Jimin merentangkan kedua tangannya menangkap beberapa tetes air hujan yang
mencoba jatuh kepermukaan. Suatu hari nanti pasti dirinya akan bisa mengingat
semuanya, walaupun sangat sulit jika berusaha sendirian. Tapi Jimin percaya
namja bernama Taehyung akan selalu menemani dalam mimpinya. Jimin memperluas
penglihatannya pada area parkiran yang cukup dekat dengan taman belakang rumah
sakit. terdapat 2 namja yang pergi kesalah satu mobil yang diparkir disana.
Namja ber-rambut hijau yang sangat Jimin kenali pernah ditemuinya beberapa
kali, di rumah sakit busan, saat di sekolah Luhan, ketika menghentikan
perjalanannya dengan Hongbin. Lalu sekarang dirumah sakit ini Jimin kembali
melihatnya.
Saat
mereka berniat memasuki mobilnya, Jimin mendapatkan penglihatan tentang namja
yang selalu berada dimimpinya. Ini bukanlah mimpi yang sering Jimin rasakan,
ini adalah kenyataannya. “Kim..Kim Taehyung?” Jimin berniat melompat untuk
segera menemui Taehyung sebelum mobil yang membawanya pergi keluar rumah sakit.
Ingin sekali berteriak untuk menghentikan kepergian Taehyung, tetapi suara pintu kamarnya yang terbuka
menghentikan keinginannya.
“Chimchim
sedang apa kau diluar? Udara dingin tidak baik untuk kondisimu” Hongbin yang
baru datang langsung menghampiri Jimin yang berada di luar jendela rumah sakit.

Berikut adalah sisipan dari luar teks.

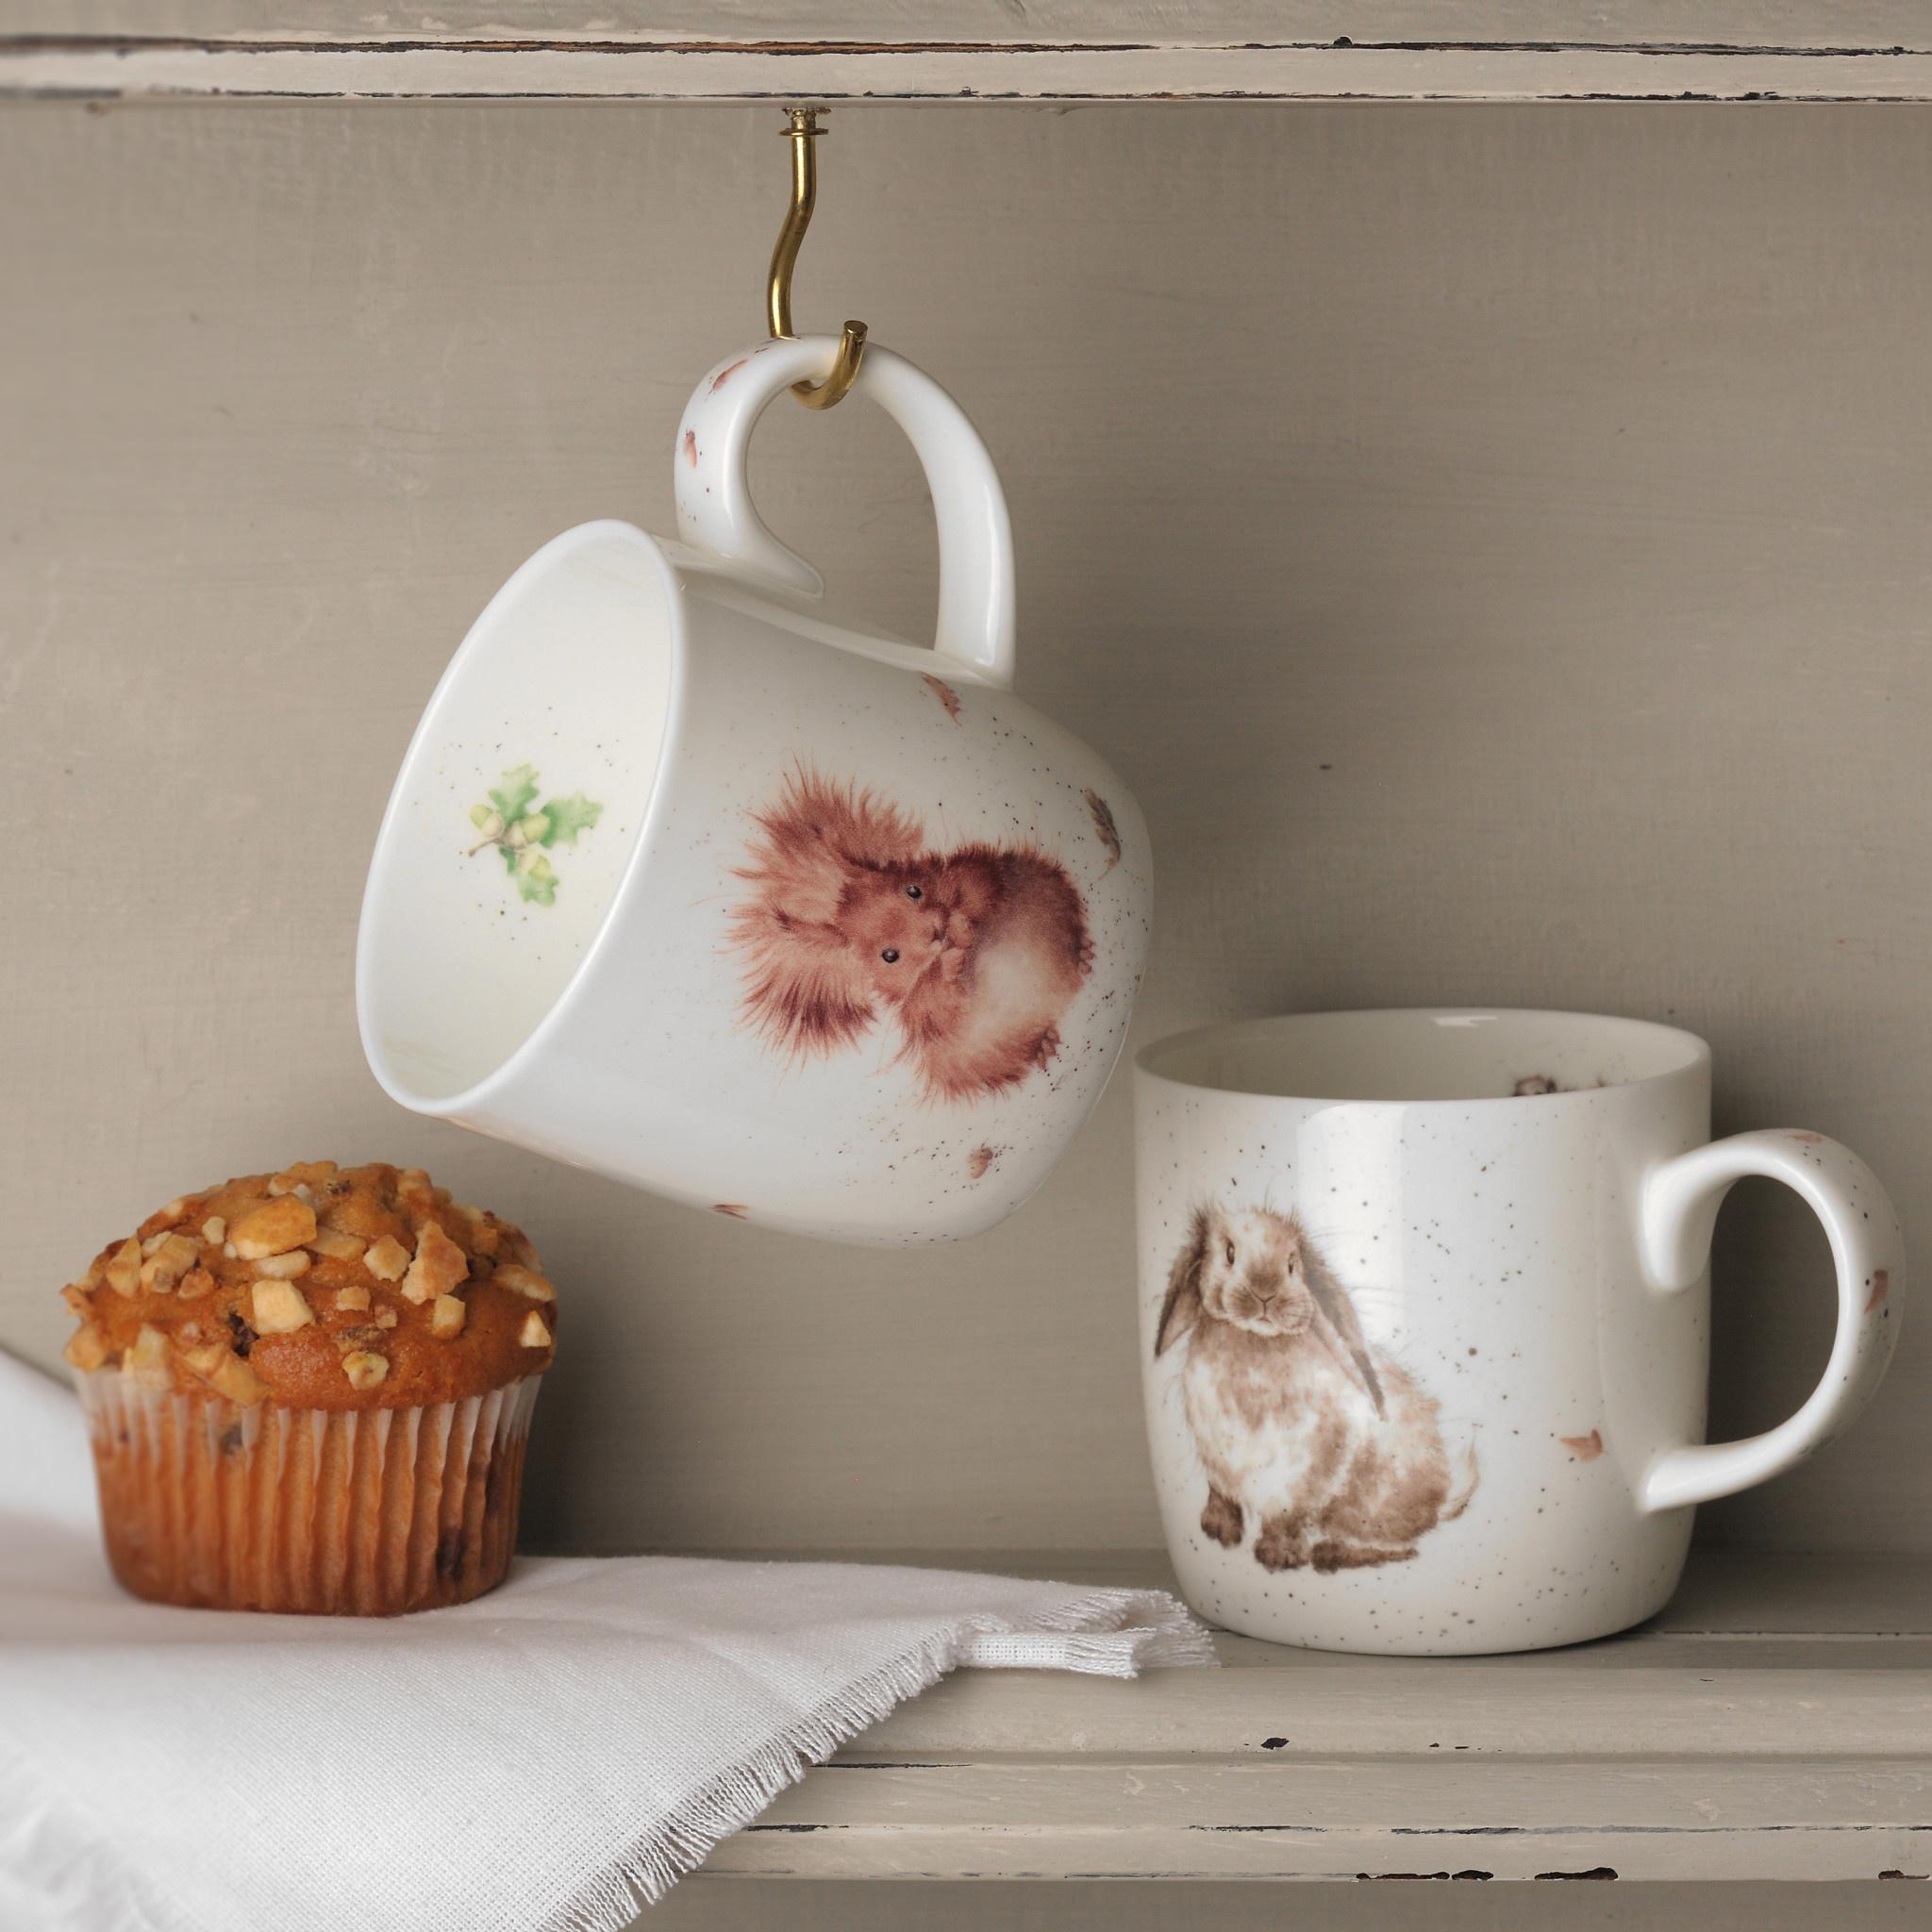 Wrendale Designs 'Treetops Redhead' Mug

ini adalah jendela yang besar dan hanya ruangan khusus lah yang memilikinya
agar pasien VIP bisa menikmati udara segar dengan ruangan khusus disisi
kamarnya. Jimin tidak ingin Hongbin mengetahui tentang Taehyung, dan Jimin
tidak mau lagi dihalangi untuk mengingat ingatannya.
“aku..
aku hanya ingin menyentuh air hujan, lihat?” gugupnya dengan menunjukan kedua
tangannya yang basah terkena air hujan.
“kau
kedinginan hingga membuatmu gugup seperti itu, masuklah. Aku akan menyalahkan
penghangat”
“nde”
Jimin melirik sekedar melihat mobil yang membawa Taehyung telah menghilang,
tidak terlihat lagi. Namja manis itu yang terus menerus menatap kebelakang
tidak mengetahui jika salah satu jendela kamarnya tidak terbuka sempurna.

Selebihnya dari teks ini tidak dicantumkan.